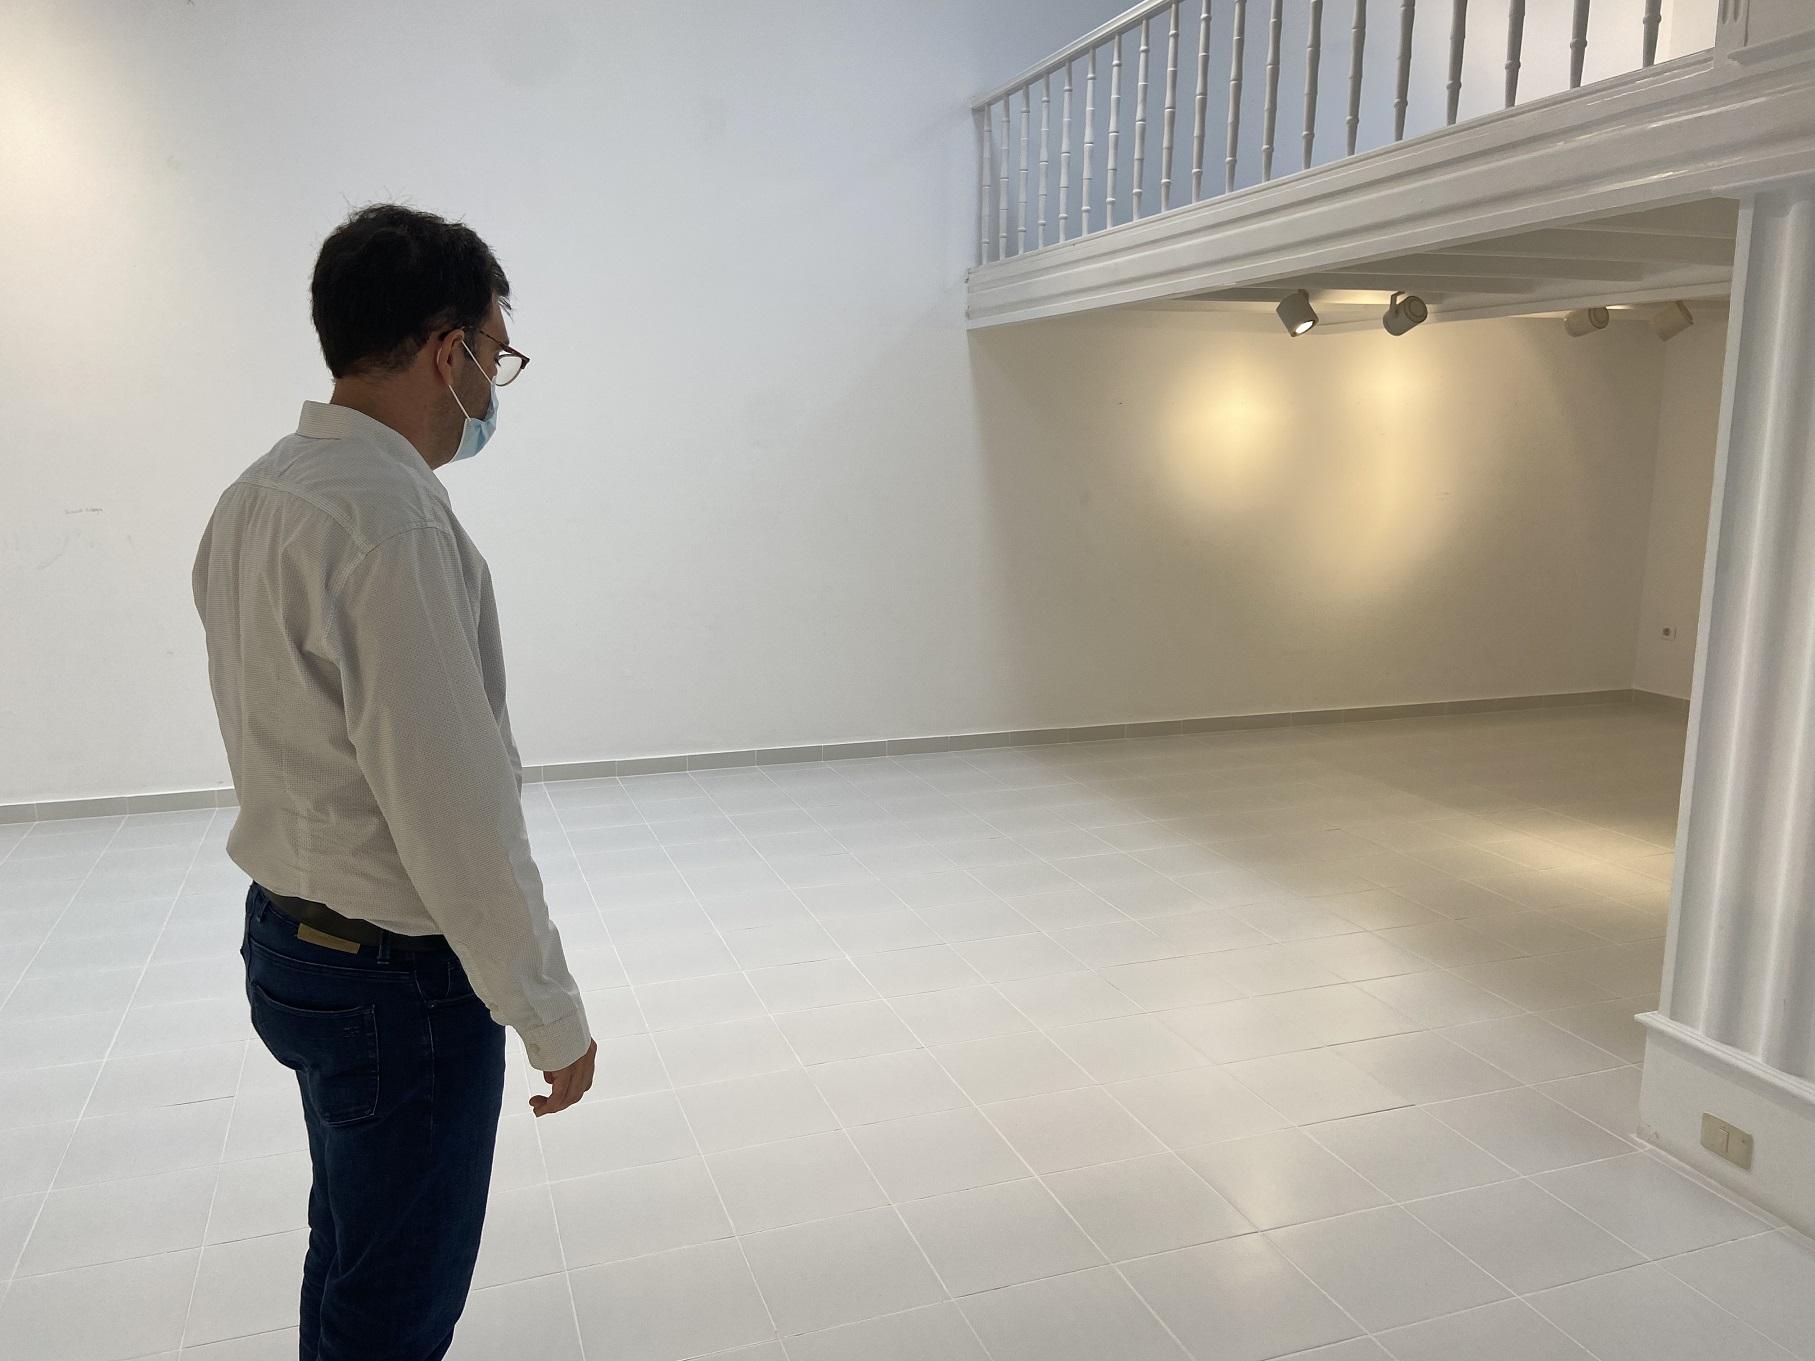 El Cabildo de Lanzarote instala un sistema de videovigilancia en las salas de exposiciones del CIC El Almacén
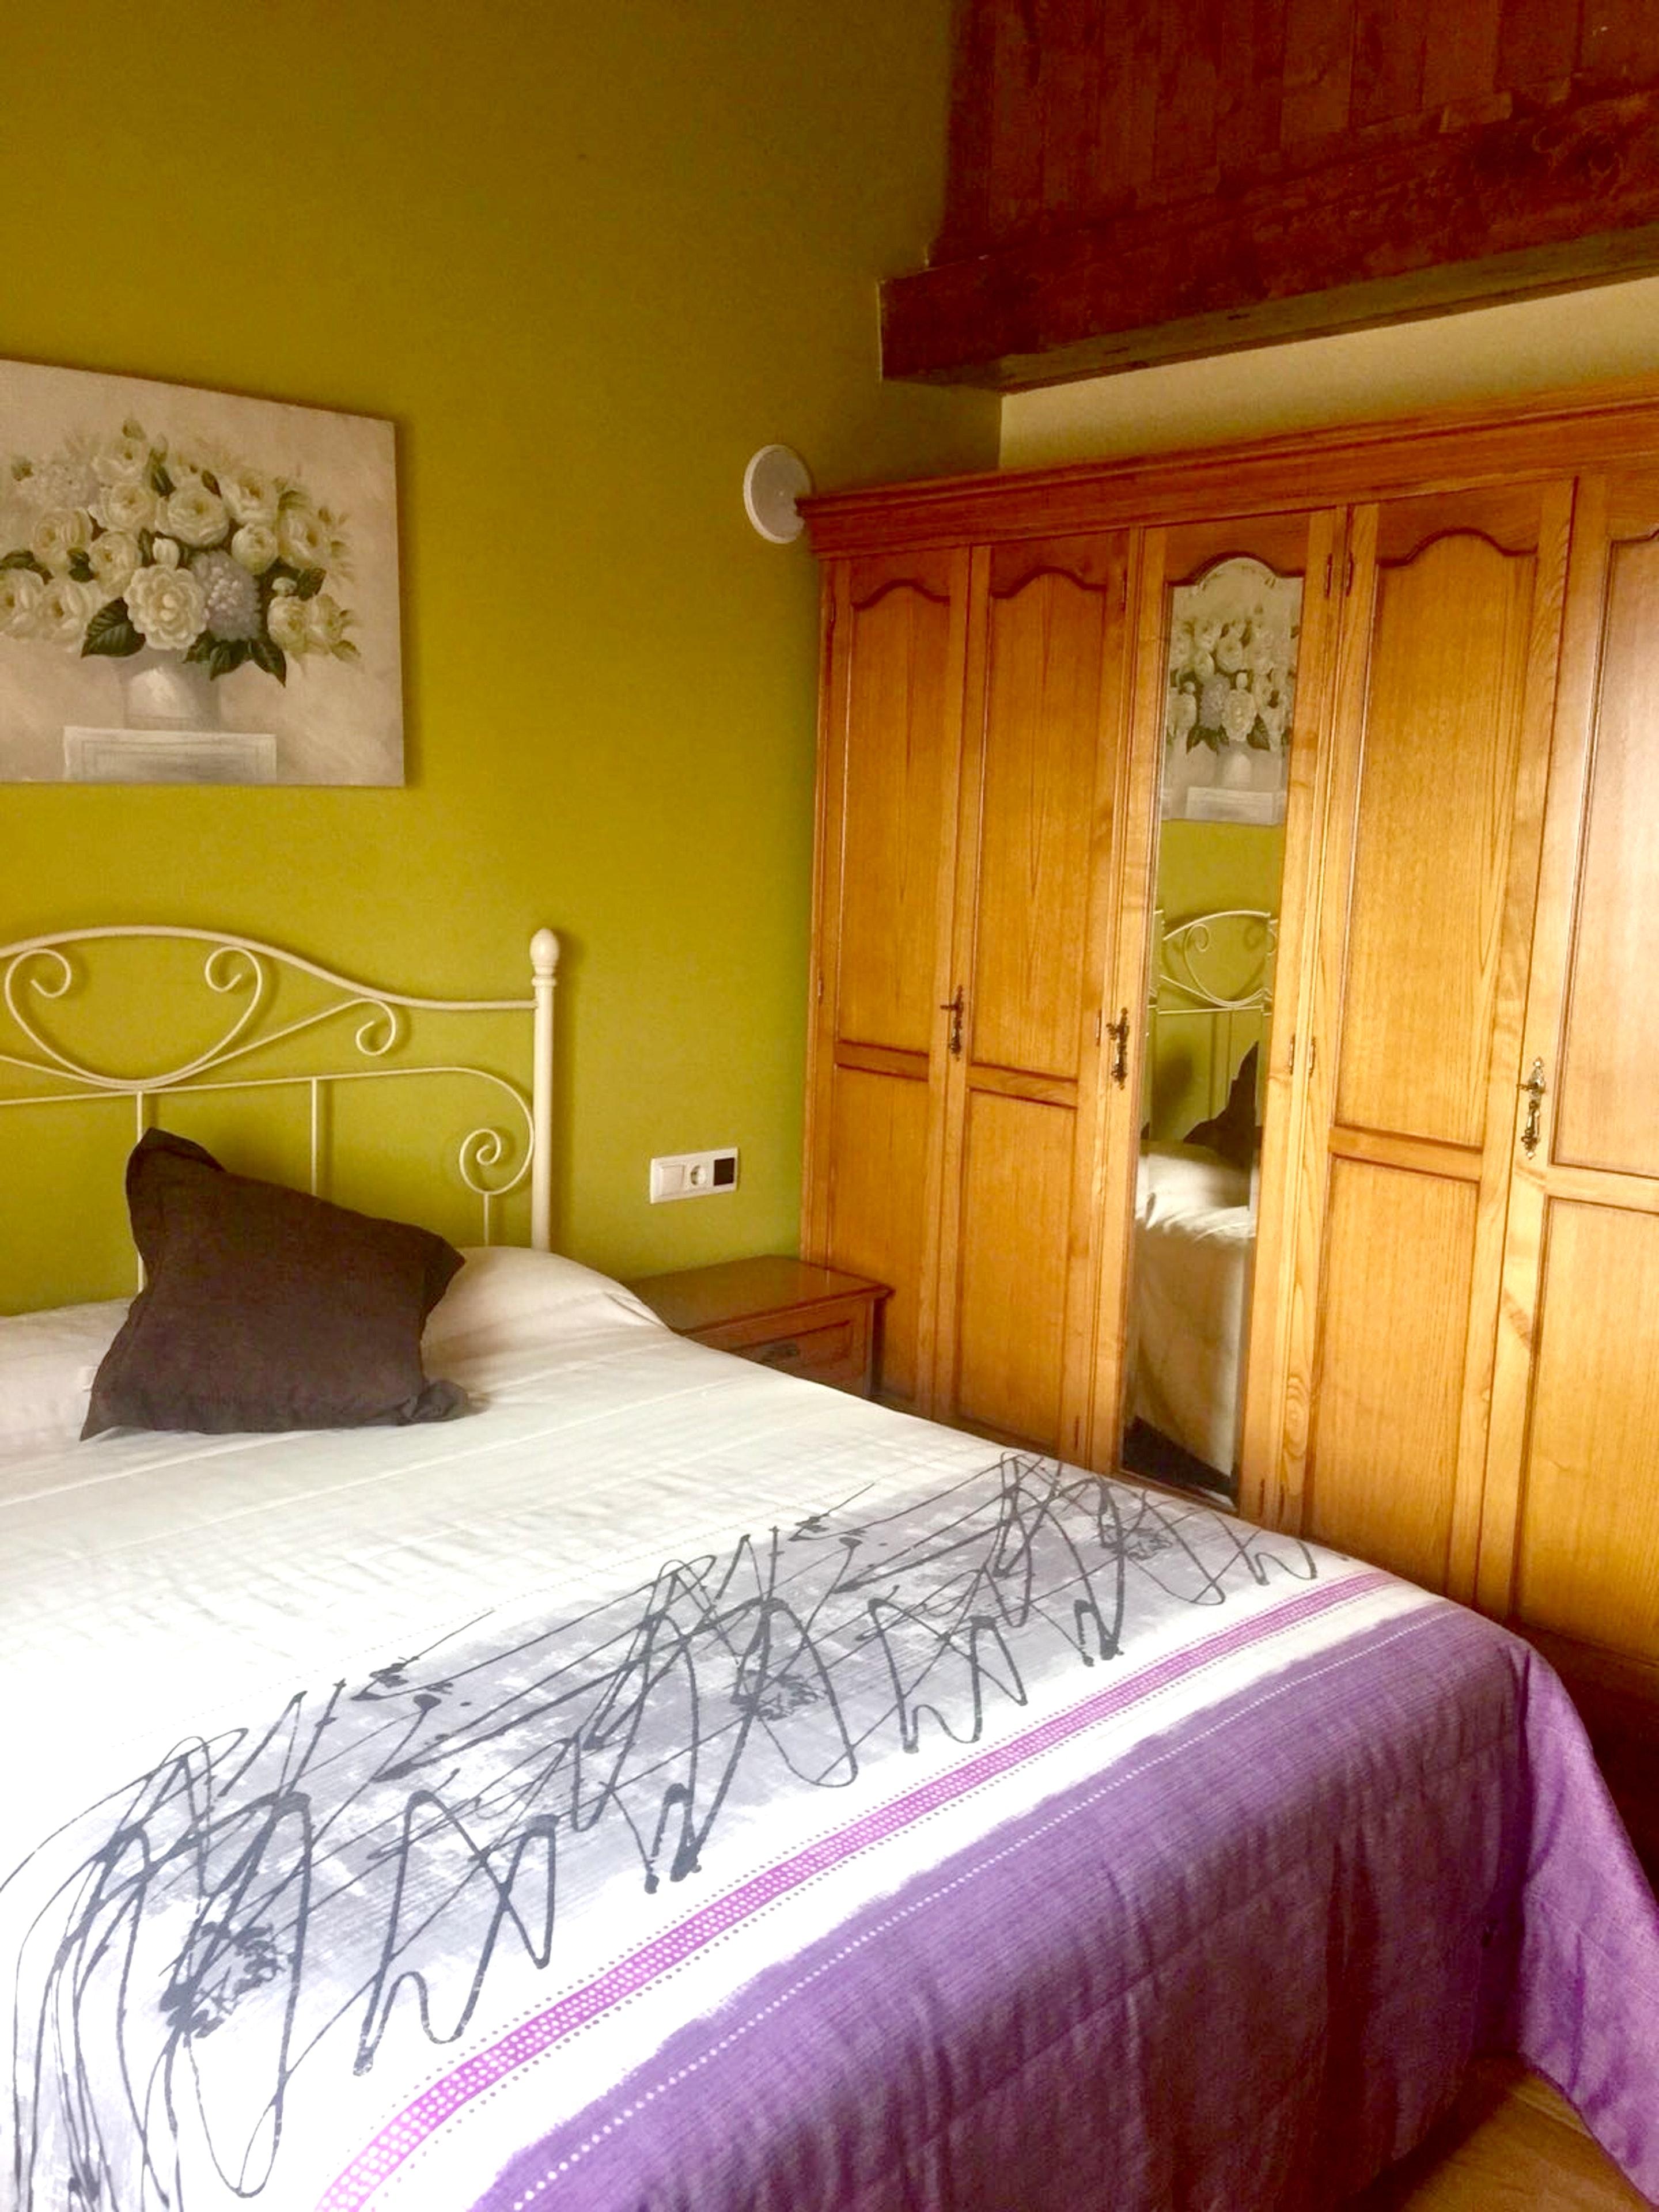 Ferienhaus Haus mit 3 Schlafzimmern in Arellano mit toller Aussicht auf die Berge und möblierter Terr (2420299), Arellano, , Navarra, Spanien, Bild 9
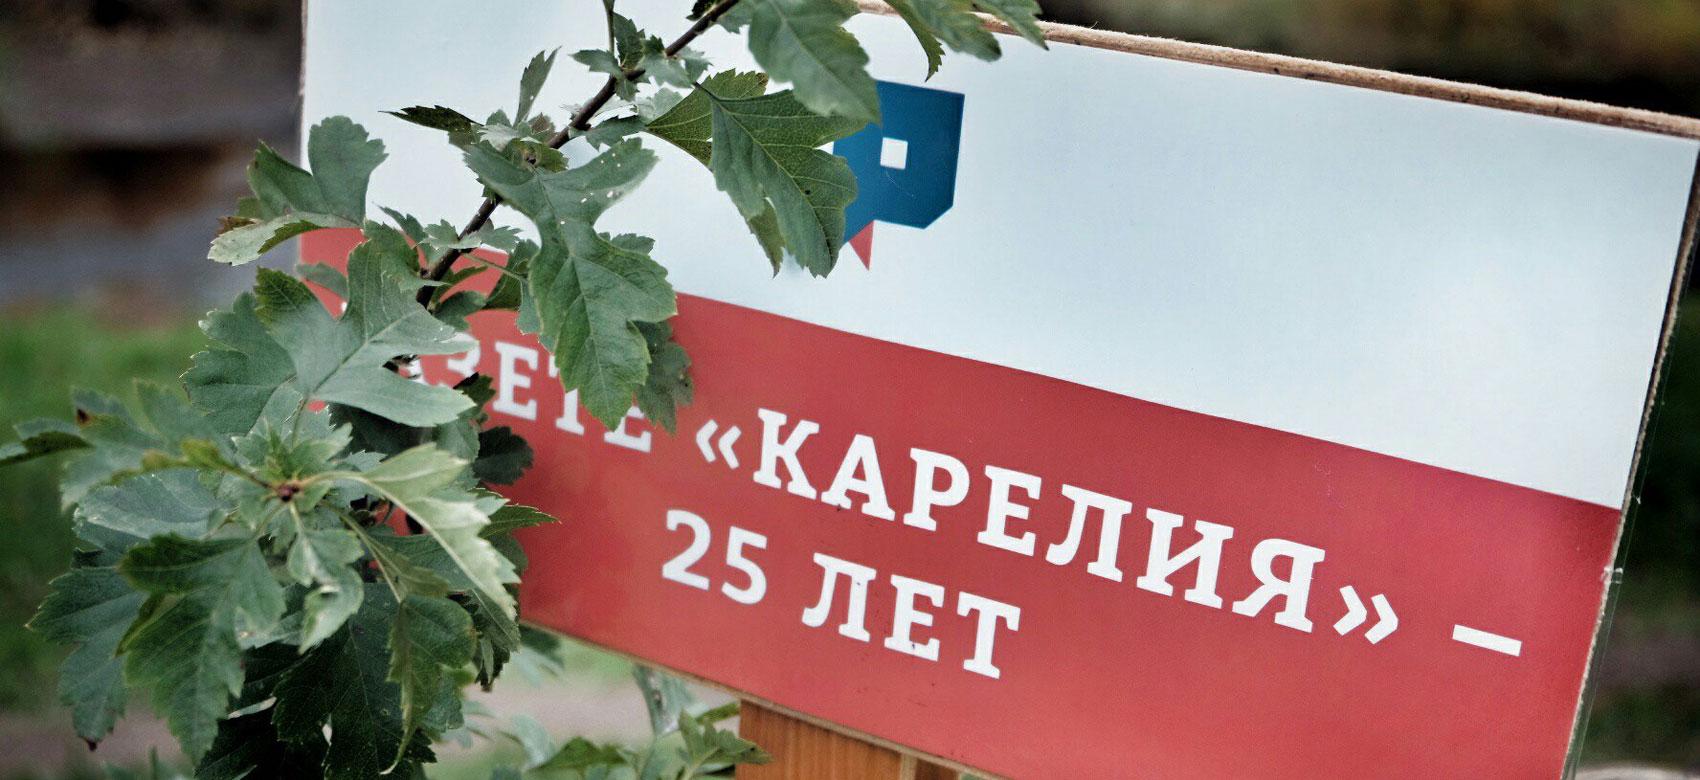 """Сотрудники учреждения высадили саженцы в честь 25-летия газеты """"Карелия"""""""
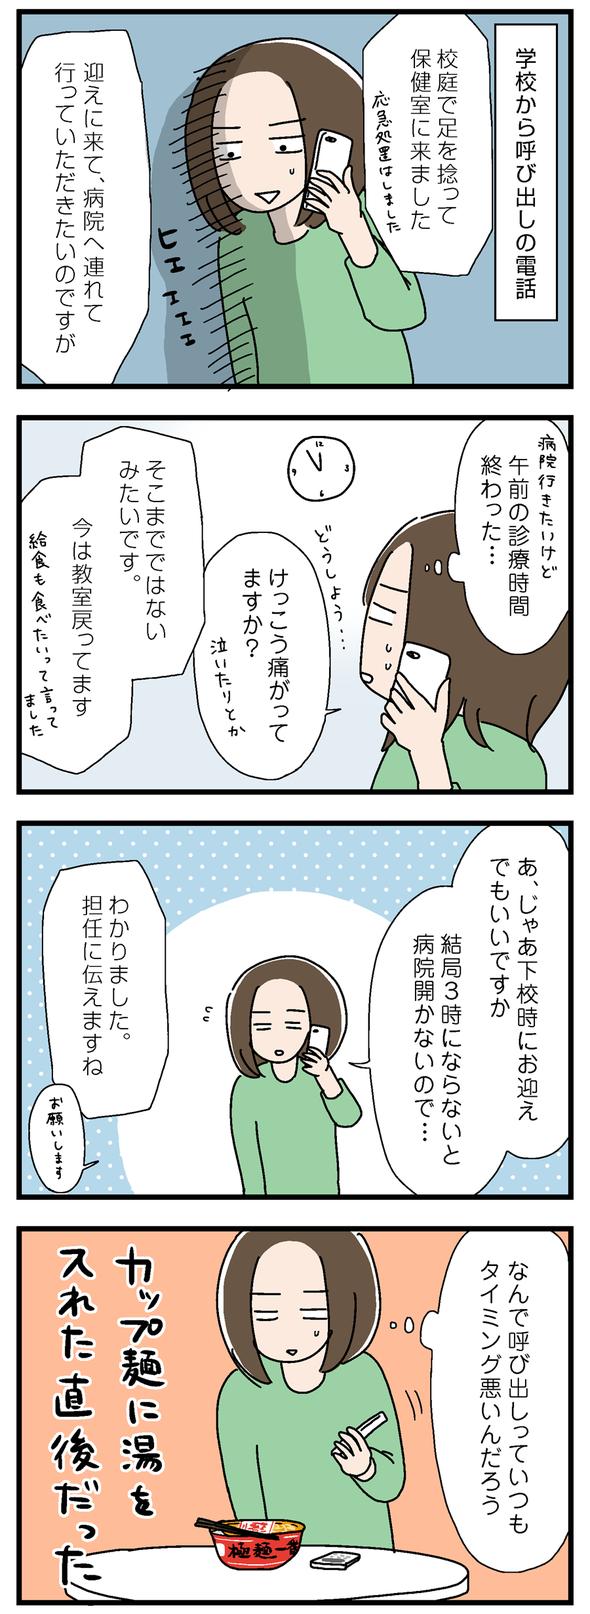 icchomae913

-- -- --

### ABOUT THIS TASK
With the pictures left out, copy exactly the lines from the one containing "Ferienhaus Haus mit" through the last line of the data.

### OUTPUT BELOW
 Ferienhaus Haus mit 3 Schlafzimmern in Arellano mit toller Aussicht auf die Berge und möblierter Terr (2420299), Arellano, , Navarra, Spanien, Bild 9
 """Сотрудники учреждения высадили саженцы в честь 25-летия газеты """"Карелия"""""""
 icchomae913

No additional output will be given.